The sculptures read as an epitomizing homage to abstraction: The square alludes to Malevich, for instance, and the slender wires are memento mori of gesturalism—core opposites, as Alfred H. Barr Jr.’s famous diagram tracing the development of modernism argues. All this suggests that Sonnier’s exhibition “Louisiana Suite” was a summing up of abstraction, not to say the form’s strangely hushed last hurrah, or perhaps even a regression to its origins in the service of its ego—to use a psychoanalytic concept—under threat as the technique is by such phenomena as Pop and Photorealism. (Formalism seems to have become a decadent strategy in the artist’s objects, even as they maintain the dignity of their predecessors.)

But the fundamental raison d’être of Sonnier’s “Ba-O-Ba” series, ongoing since 1969, is personal. As the artist has said, “Ba-O-Ba is a Haitian-French slang term which means color or light bath.” The luminescence of these works—such as Ba-O-Ba Nice II, 1977/2018, and Ba-O-Ba Nice III, 1977/2019—washes over us like a gentle storm, especially when we get close. And the unresolved dialectic of their geometric and gestural aspects—that is, the tension generated by their inconclusively integrated contradictions, between hard and soft, evanescence and surety, or even the sacred and the profane—is thrilling. There’s no doubt in my mind that Sonnier latched onto the colloquialism Ba-O-Ba because he was born and raised in Mamou, a small town in Louisiana that bills itself as the “Cajun Music Capital of the World.” Hence the title for Sonnier’s presentation, which feels very much like an immersive arrangement of abstract melodies. (Music, after all, inspired Kandinsky’s painting, and the critic Walter Pater thought it was the highest art because in it form and content are merged and rendered indistinguishable from one another.) “I use psychologically loaded materials,” Sonnier has said, which, to my mind, echoes Kandinsky’s assertion that “color is a means of exerting direct influence on the soul.” But Sonnier’s Apollonian art has a Minimalist tautness and insularity, while Kandinsky’s rich formalism—Dionysian by comparison—has a maximalist excess and forceful spontaneity, as its lavish, libidinous palette and facture suggests. One might say that what began with the painter’s abundance ends with the sculptor’s reductivism.

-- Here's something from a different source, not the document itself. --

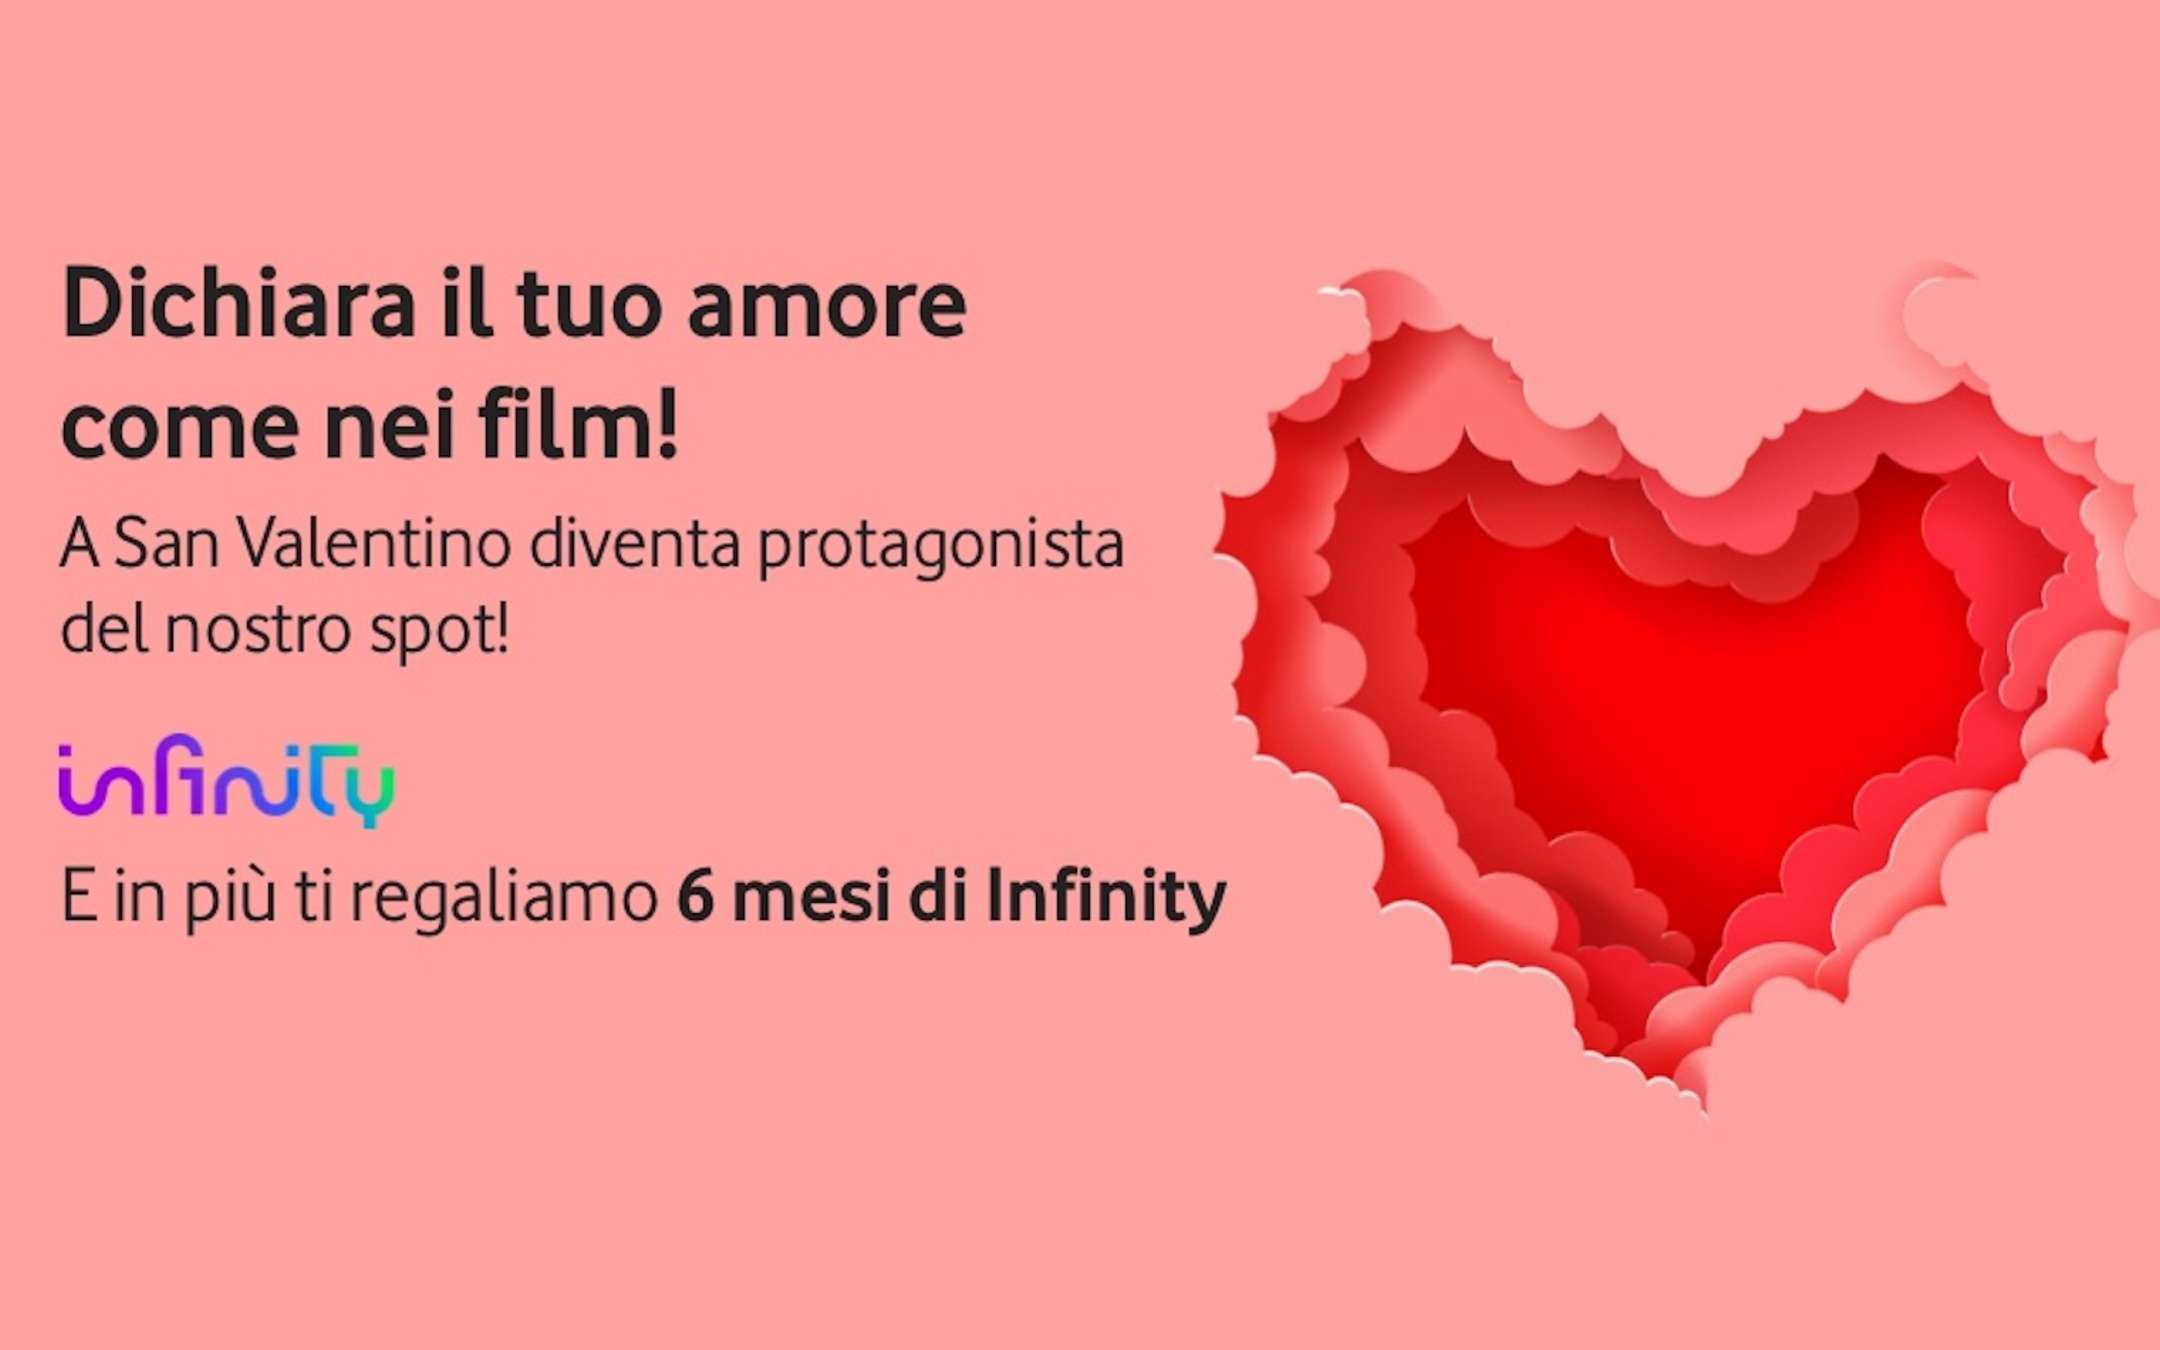 Vodafone a San Valentino 6 mesi di Infinity gratis

Sonnier’s La Doucette, 1977/2019, is a Mondrian-style thing that could have been based on—or sliced out of—any one of the Dutch painter’s scintillating compositions. Its title seems a play on the French douceur, which translates ambiguously to “sweetness” or “gentleness.” But overall, Sonnier’s abstractions seem more “tough-minded” than “tender-minded,” to use William James’s distinction, as their isolated and attenuated grandeur, and their chilly lambency, suggests.